84. YESUS BERTEMU LAZARUS DI BETANIA   


21 Januari 1945

Suatu fajar musim panas yang sangat terang. Bukan fajar, tepatnya pagi hari, sebab matahari sudah di atas cakrawala dan terbit semakin dan semakin tinggi sembari tersenyum pada bumi yang menawan. Setiap batang berkilau-kilau dengan embun. Semua bintang malam kelihatannya telah berubah menjadi debu emas dan permata bagi semua batang dan semua dedaunan; bahkan bagi batu-batuan yang bertaburan di atas tanah, serpihan-serpihan silikon yang, basah oleh embun, tampak bagai bubuk intan atau debu emas.

Yesus dan Simon berjalan menyusuri sebuah jalan kecil yang terbentang dari jalan utama dengan suatu sudut yang runcing seperti huruf V. Mereka berjalan menuju kebun-kebun buah-buahan yang semarak dan ladang-ladang rami yang setinggi orang, hampir siap dipanen. Ladang-ladang lainnya, lebih jauh, hanya menunjukkan noktah-noktah besar merah menyala dari bunga-bunga poppy di antara tunggul-tunggul kuning.

"Kita sudah berada di tanah milik sahabatku. Dapat kau lihat, Guru, bahwa jaraknya sesuai dengan ketentuan Hukum. Aku tidak akan pernah berani membohongi Engkau. Di belakang kebun apel itu ada tembok kebun dan rumah. Aku mengajak Engkau melewati jalan pintas ini agar berada dalam mil yang ditentukan."

"Sahabatmu sangat kaya-raya!"

"Ya, sangat. Tapi dia tidak bahagia. Dia memiliki properti juga di tempat lain."

"Apakah dia seorang Farisi?"

"Ayahnya bukan. Dia ... sangat taat. Aku katakan kepada-Mu: seorang Israel sejati."

Mereka berjalan sedikit lebih jauh. Ada sebuah tembok tinggi, dan di baliknya, pepohonan dan pepohonan, dengan rumah yang muncul di antaranya. Ada tanjakan tanah di sini, yang, bagaimanapun, tidak memungkinkan orang untuk melihat kebun, yang sangat indah hingga kita dapat menyebutnya taman.

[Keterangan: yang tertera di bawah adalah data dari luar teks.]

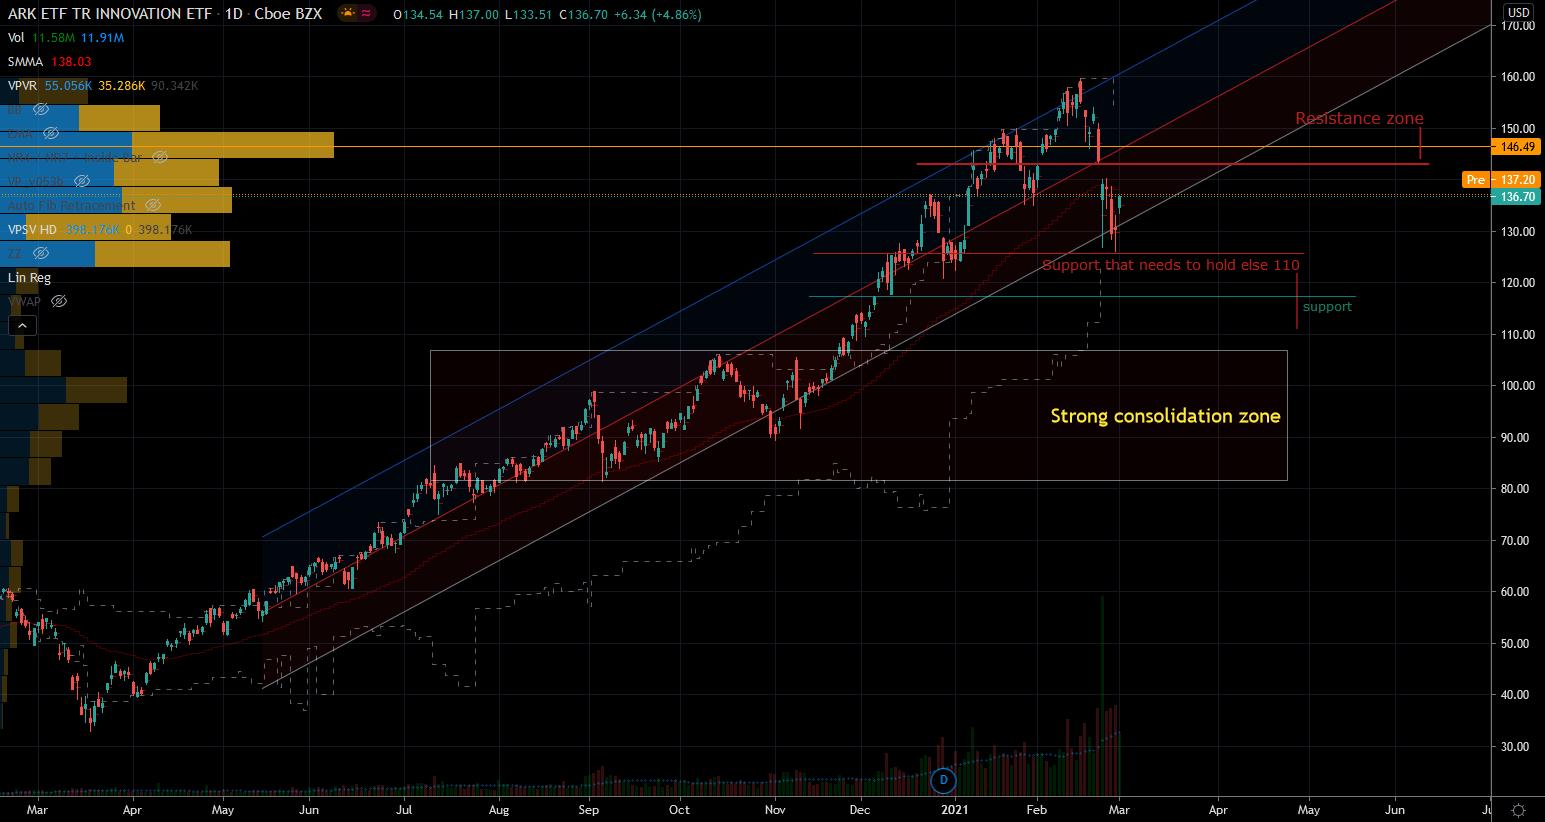 ARKK Stock Chart Showing Success Story

Mereka pergi mengitari tikungan. Temboknya sama tinggi dan dari atasnya terjulur lilitan ranting-ranting mawar dan melati yang harum baunya, sungguh indah dalam daun-daun mahkotanya yang berteteskan embun. Ada sebuah gerbang besi tempa yang berat. Simon mengetuk dengan pengetuk perunggu yang berat.

"Masih terlalu pagi untuk berkunjung, Simon," kata Yesus.

"Oh! Sahabatku bangun saat matahari terbit, sebab dia mendapatkan penghiburan hanya dari kebunnya atau dari buku-buku. Malam hari merupakan siksaan baginya. Mohon jangan tunda lebih lama untuk memberikan sukacita-Mu padanya."

Seorang pelayan membuka gerbang.

"Selamat pagi, Aseus. Beritahu tuanmu bahwa Simon Zelot datang bersama Sahabat-nya."

Pelayan itu berlari sesudah mempersilakan mereka masuk, seraya mengatakan: "Pelayanmu menyalami kalian. Masuklah, rumah Lazarus terbuka bagi teman-temannya."

Simon, yang familiar dengan tempat itu, tidak pergi ke jalan tengah, melainkan dia berbalik menyusuri sebuah jalan setapak yang terhampar menuju sebuah pondok melati yang berada di antara pagar tanam-tanaman mawar.

Sebentar kemudian Lazarus keluar dari pondok. Dia kurus dan pucat, seperti aku selalu melihatnya, dan tinggi; rambut pendeknya tidak tebal dan tidak keriting, sementara jenggot kecilnya yang tipis dikencangkan ke bagian bawah dagunya. Dia mengenakan sehelai pakaian linen berwarna putih salju, dan berjalan tertatih seperti orang yang menderita karena masalah kaki.

Ketika dia melihat Simon dia melambaikan tangannya dengan hangat dan lalu, sedapat mungkin, dia berlari menghampiri Yesus dan jatuh berlutut, membungkuk hingga ke tanah untuk mencium pinggiran jubah Yesus, seraya berkata: "Aku tidak layak akan kehormatan yang sebegitu besar. Tapi sebab kekudusan-Mu membungkuk ke atas kemalanganku, mari, Tuhan-ku, masuklah dan jadilah Tuan dalam rumahku yang miskin."

"Bangkitlah sahabat-Ku. Dan terimalah damai-Ku."

Lazarus bangkit dan mencium tangan Yesus dan menatap pada-Nya dengan penuh hormat, dan bukan tanpa rasa ingin tahu. Mereka berjalan menuju rumah.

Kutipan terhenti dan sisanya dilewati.